Now for the rest
Let’s not fool ourselves. Hezbollah’s Wednesday jamboree for Samir Kantar and the four POWs was as much about restoring the image of the undaunted and virile moqawama and trying to banish the memory of May’s attempted coup, than it was about bringing its boys home. Like all Hezbollah extravaganzas, it was excessive, sparing not one iota of pomp and circumstance to trumpet what was a very expensive result: One convicted criminal and 180 dead bodies weighed up against 1,200 dead, 400,000 wounded, 1 million displaced and $15 billion in long-term economic damage. As their capture was a result of the war, the four Hezbollah fighters cannot be considered a net gain.
The celebrations were the latest imposition of Hezbollah’s agenda on a Lebanese people who have had to endure the party”s insistence on holding onto its weapons; the 18-month downtown sit-in, and of course the small matter of the armed insurrection over two months ago, a moment of supreme madness that threatened to hurl the country into civil conflict.

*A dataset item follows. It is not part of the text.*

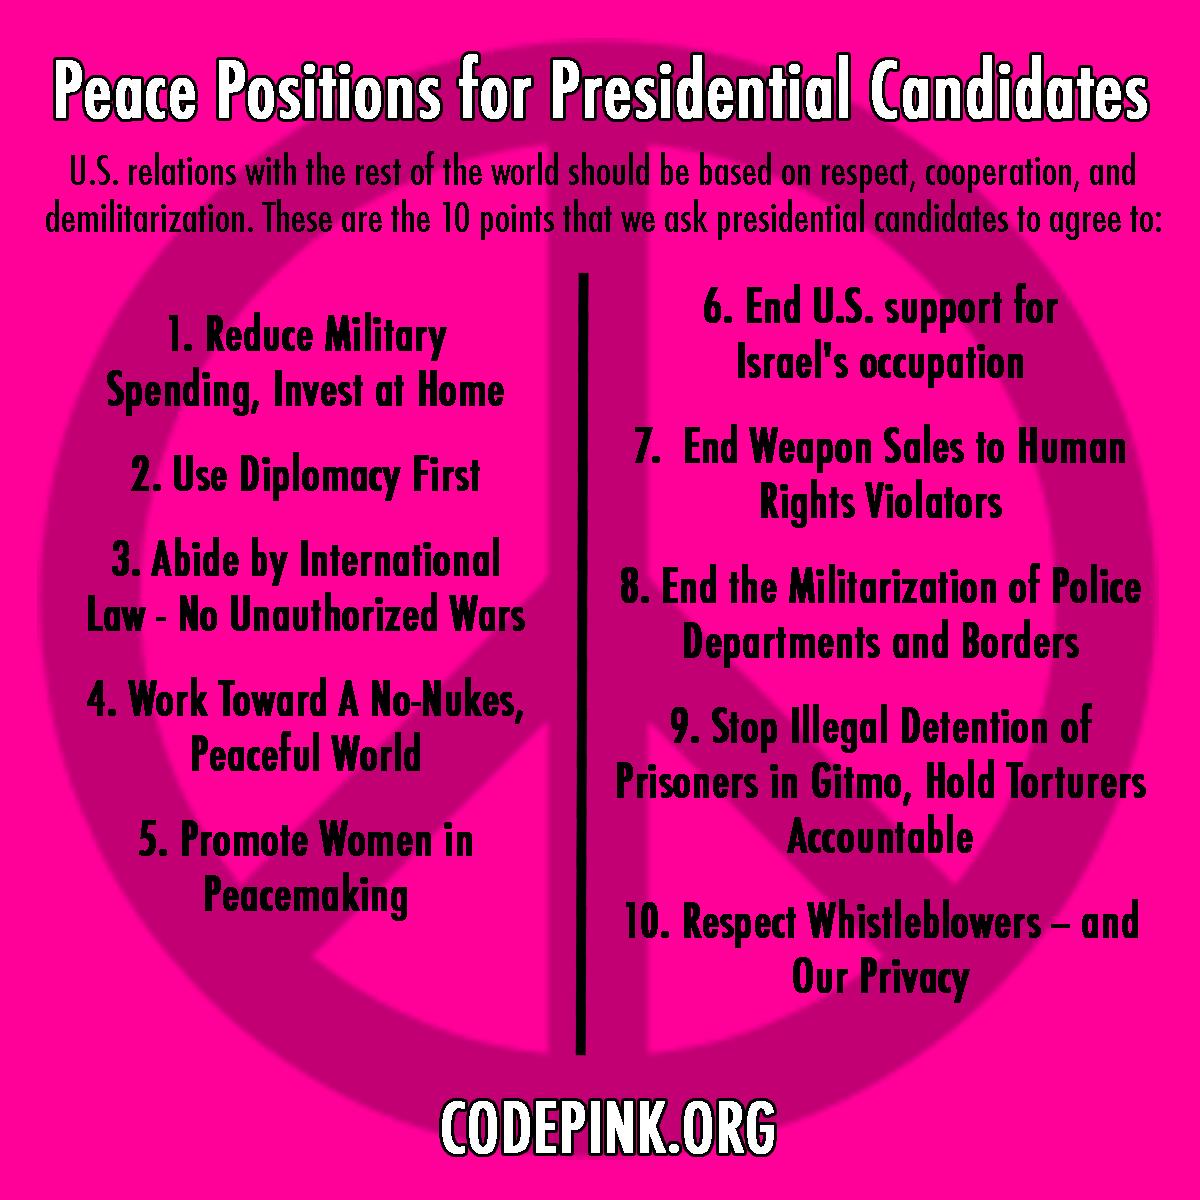 PeacePresidentSquare.png

But if those Lebanese who supported and took to the streets for the Cedar Revolution scratched their heads in bewilderment as they watched the demonstration of national drooling on the tarmac at Beirut Airport – especially by those politicians who vehemently opposed the reckless border action that started the summer 2006 war – they should be aware that there was method to this apparent madness.
Their presence was more than just to bear witness to the fruit of that futile, unwarranted and achingly tragic conflict. It was to remind Hezbollah that the exchange had in fact fulfilled one of the stipulations of UN Security Council Resolution 1701 and that, now that the momentum has gathered, Lebanon – all Lebanon and all Lebanese – should urgently follow through on all the other sovereign issues, especially those pertaining to Hezbollah’s weapons, the liberation of the Shebaa Farms, the return of all remaining detainees in Syrian jails and the thrashing out of a defense strategy.
If a degree of national pride has been restored, then let this restoration be the cornerstone of a genuine national commitment to fulfilling all outstanding obligations (although it remains to be seen how the opposition will use or abuse its blocking third in the new cabinet).
Those who took to the streets on March 14, 2005 did so to send a message to the international community: Enough was enough; the violence had to stop, Syria had to leave Lebanon, and the Lebanese deserved the right to self-determination in a sovereign and democratic country.
Therefore, in the wake of yesterday’s hysteria, it is worth re-asking the question: What country we want to live in; A country that celebrates life, prosperity, international acceptance and tolerance, or one that seeks to put, before all else, conflict, obstructionism and the glorification of death?
Let the pathetic wooden coffins unloaded at the border on Wednesday be the last reminders of a chapter in Lebanese history that should remain just that.